Schooldirecteur Cordula Rooijendijk schreef een boek over witte en zwarte scholen. Een gesprek over selecteren aan de poort, hoge ouderbijdrage en het risico van islamitisch onderwijs.

Basisschool Montessorischool Op de Kade staat te midden van twee uiteenlopende Amsterdamse wijken. Aan de ene kant de vooroorlogse Indische buurt, aan de andere kant een nieuwbouwwijk van rond het jaar 2000. De school heeft 250 leerlingen en is gemengd, vertelt directeur en schrijver Cordula Rooijendijk. Ongeveer dertig procent van de leerlingen heeft een niet-westerse achtergrond. Hemelsbreed een paar honderd meter verder staat een zeer geliefde basisschool die te boek staat als ‘wit’.

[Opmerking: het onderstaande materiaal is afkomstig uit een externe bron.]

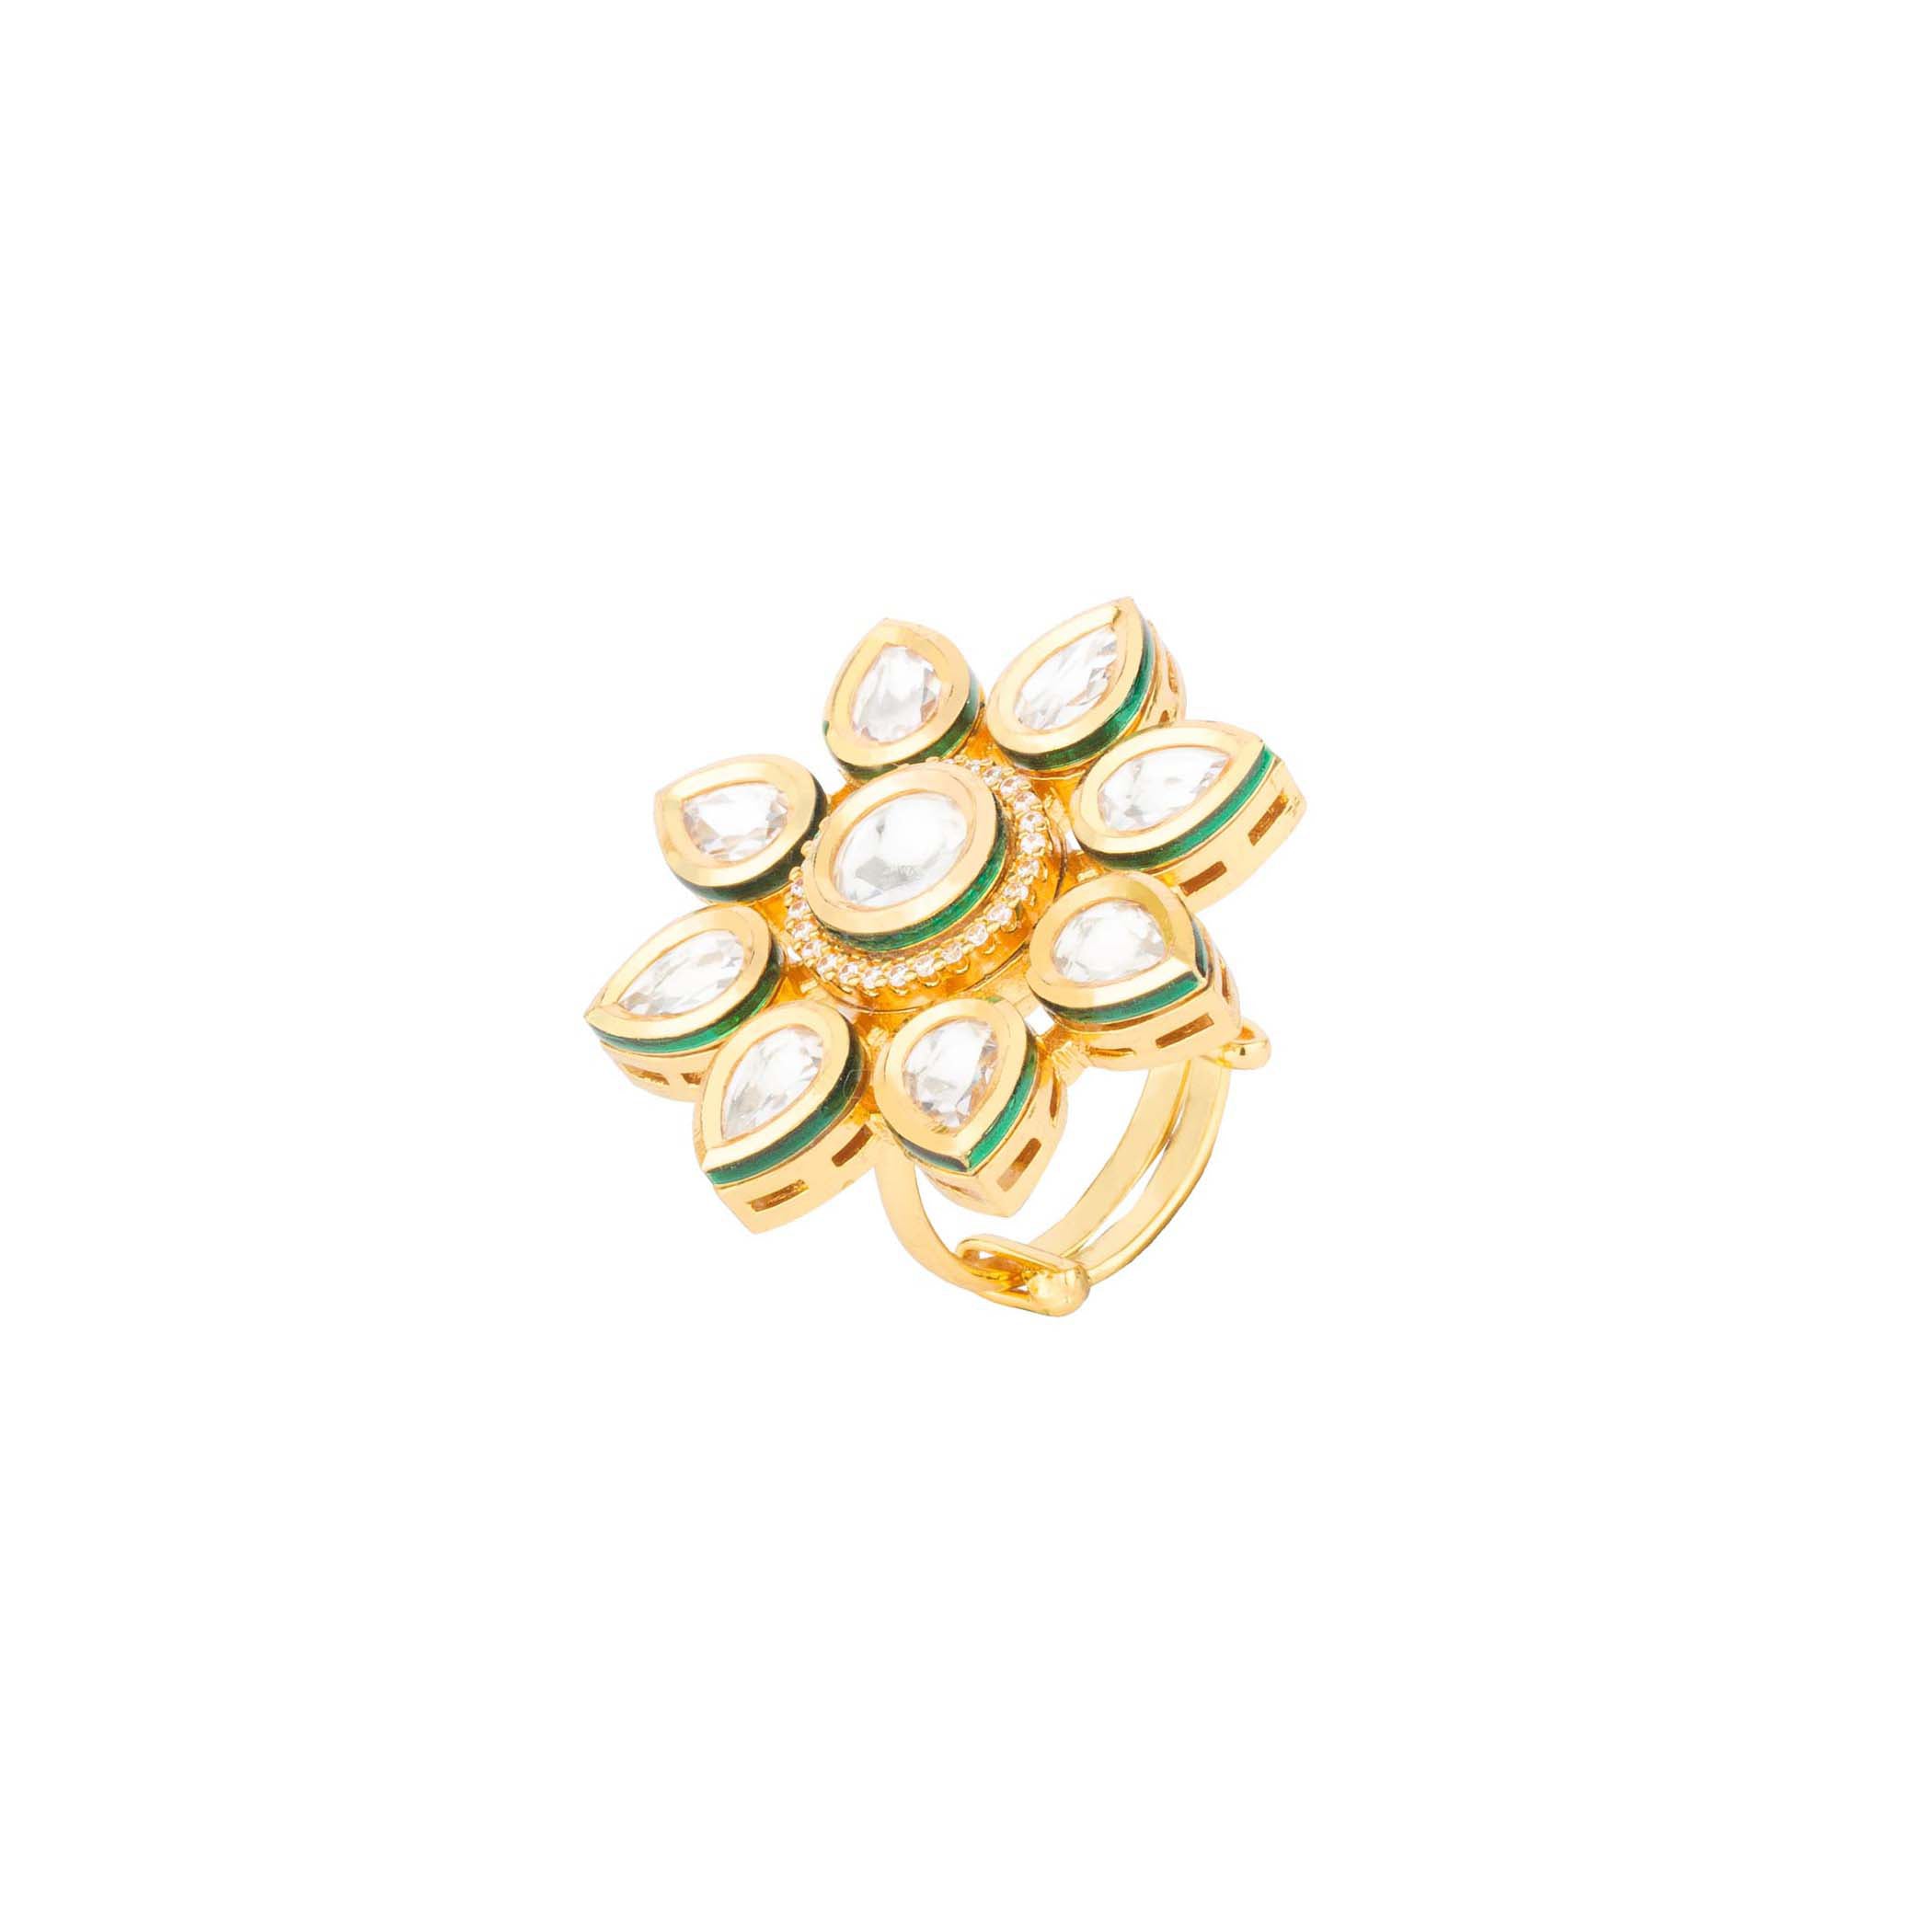 Put a ring on that outfit! This piece finished with imitation polki stones in a floral pattern is set in a mixed-metal alloy.

Een situatie die overal in de grote steden voorkomt en wordt beschreven in Rooijendijks pas verschenen boek 15 lessen die kleurrijke scholen ons leren (Atlas Contact). Daarin gaat ze te rade bij collega-directeuren van andere gemengde en zwarte scholen, waarbij meer dan zestig procent van de kinderen van niet-westerse komaf is. Deze zoektocht was nodig, zegt Rooijendijk, omdat ze maar weinig pasklare kennis vond over het leiden van een gemengde school.

Heeft u de directeur van de naburige witte school weleens gesproken over hun homogene leerlingenpopulatie?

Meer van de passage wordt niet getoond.